Hat es uns überhaupt zu interessieren? Es ist einerseits in der Tat die Angelegenheit von zwei Leuten, die sich gewissermaßen beim Job kennengelernt haben. Aber das Private war andererseits auf der Linken immer als politisch markiert, zudem haben Zeitpunkt und Ort der Offenbarung ihre politische Note: auf einem Landesparteitag im Saarland, also „zu Hause“ bei Lafontaine; kurz nach Wagenknechts Wahl zur Fraktionsvize, die in dem offiziellen Wissen der Partnerschaft mit Lafontaine vielleicht anders ausgegangen wäre; nach dem Programmparteitag aber lange vor der Wahl des neuen Parteivorstandes, und alles mitten in einer Art Medienoffensive Wagenknechts, die sich öffentlich neu positioniert. Auch feuilletonistisch hält die Nachricht einiges bereit – über die "Erotik der Macht", über Verhältnisse zwischen relativ alten Männern und deutlich jüngeren Frauen in der Politik ist auch schon viel geschrieben worden, von Michelle Müntefering bis Maike Kohl-Richter.
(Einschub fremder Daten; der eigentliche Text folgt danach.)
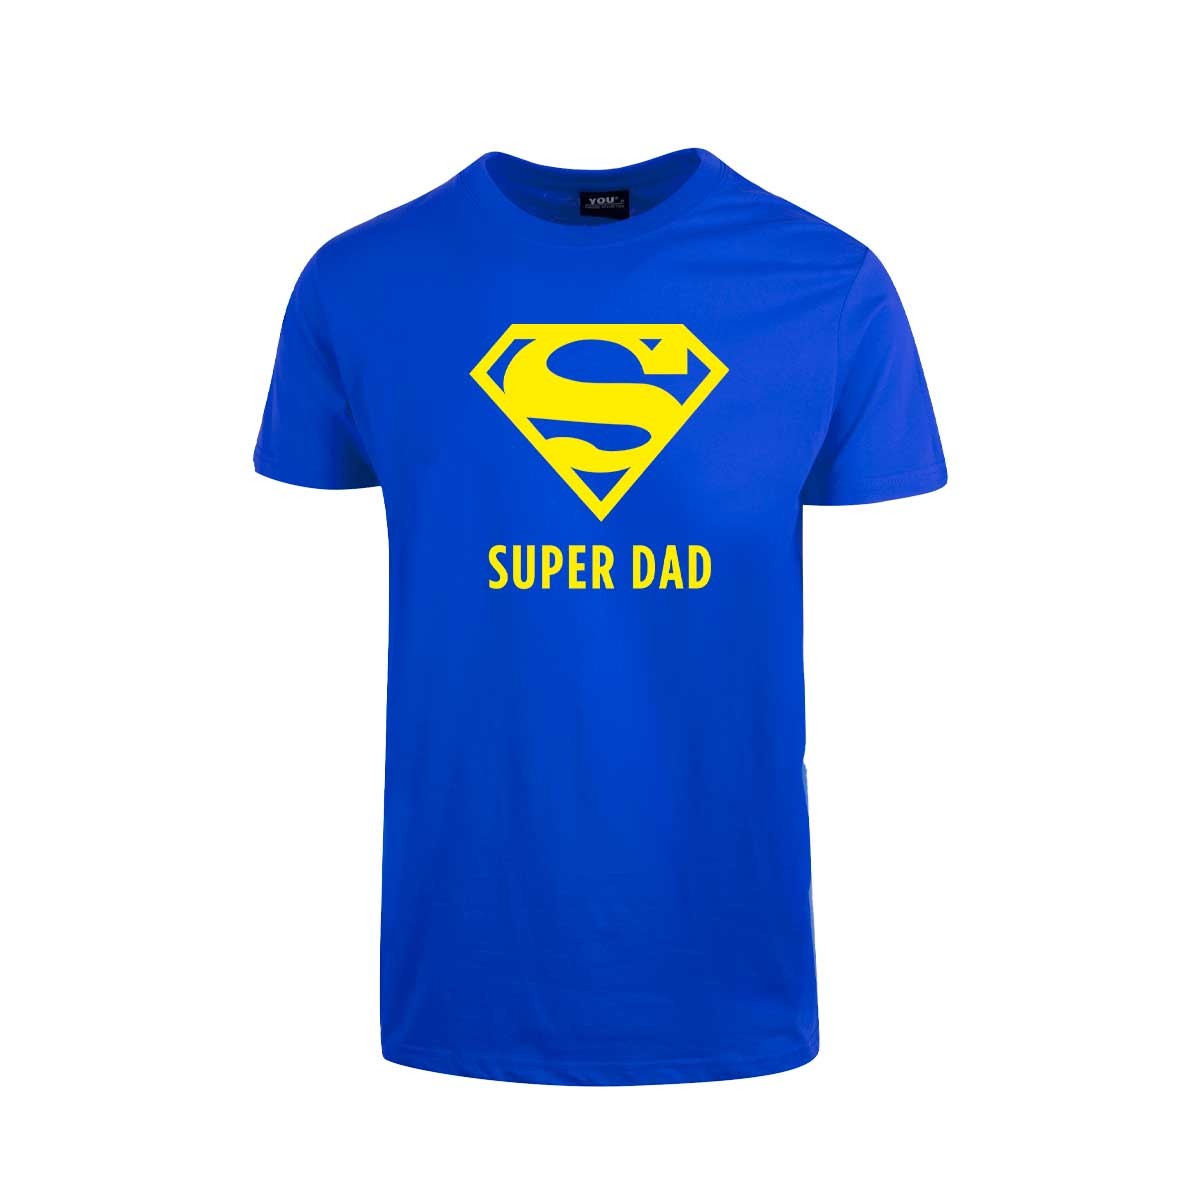 Blå t-skjorte med trykket "Super Dad" i gult
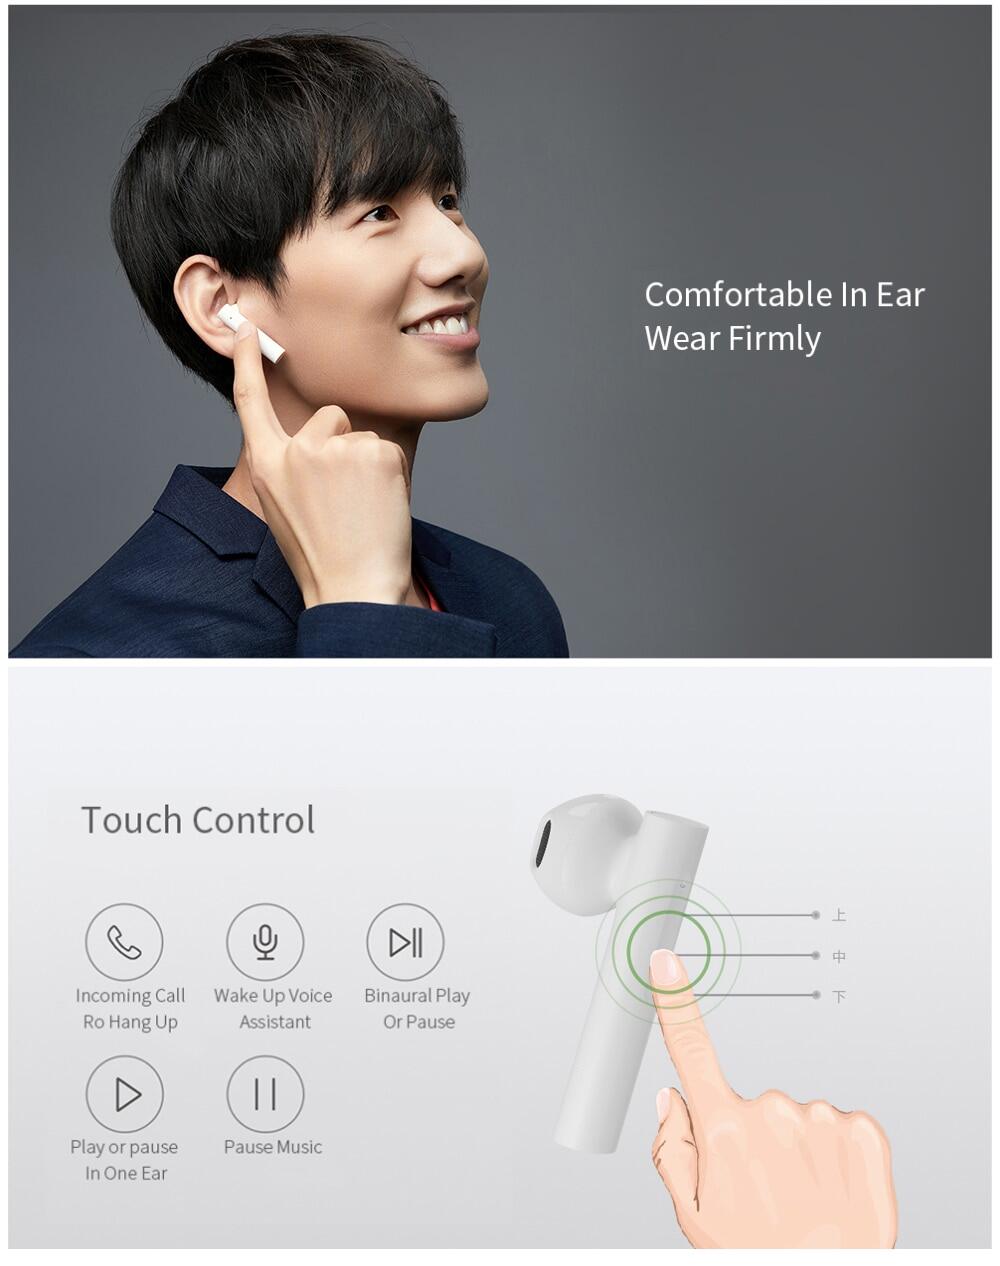 Xiaomi Tai Nghe Air2 SE Phiên Bản TWS Mi True Wireless Bluetooth 5.0 Basic Air

Und schließlich denkt man an eine sozusagen retrospektive innerparteiliche Dimension: Die Frage, wer Gerüchte über eine mögliche Affäre von Wagenknecht und Lafontaine dem Spiegel verraten haben könnte, war von großem Interesse während des als Machtkampf bezeichneten Konflikts, an dessen Ende Dietmar Bartsch degradiert wurde.

Immerhin: Lafontaine und Wagenknecht haben es selbst in die Hand genommen, ihre Beziehung zu einer öffentlichen zu machen. Die Zeitung, die vom Paukenschlag schreibt, hätte daraus sicher schon bald eine große Enthüllung aus dem schon lange Geraunten gemacht.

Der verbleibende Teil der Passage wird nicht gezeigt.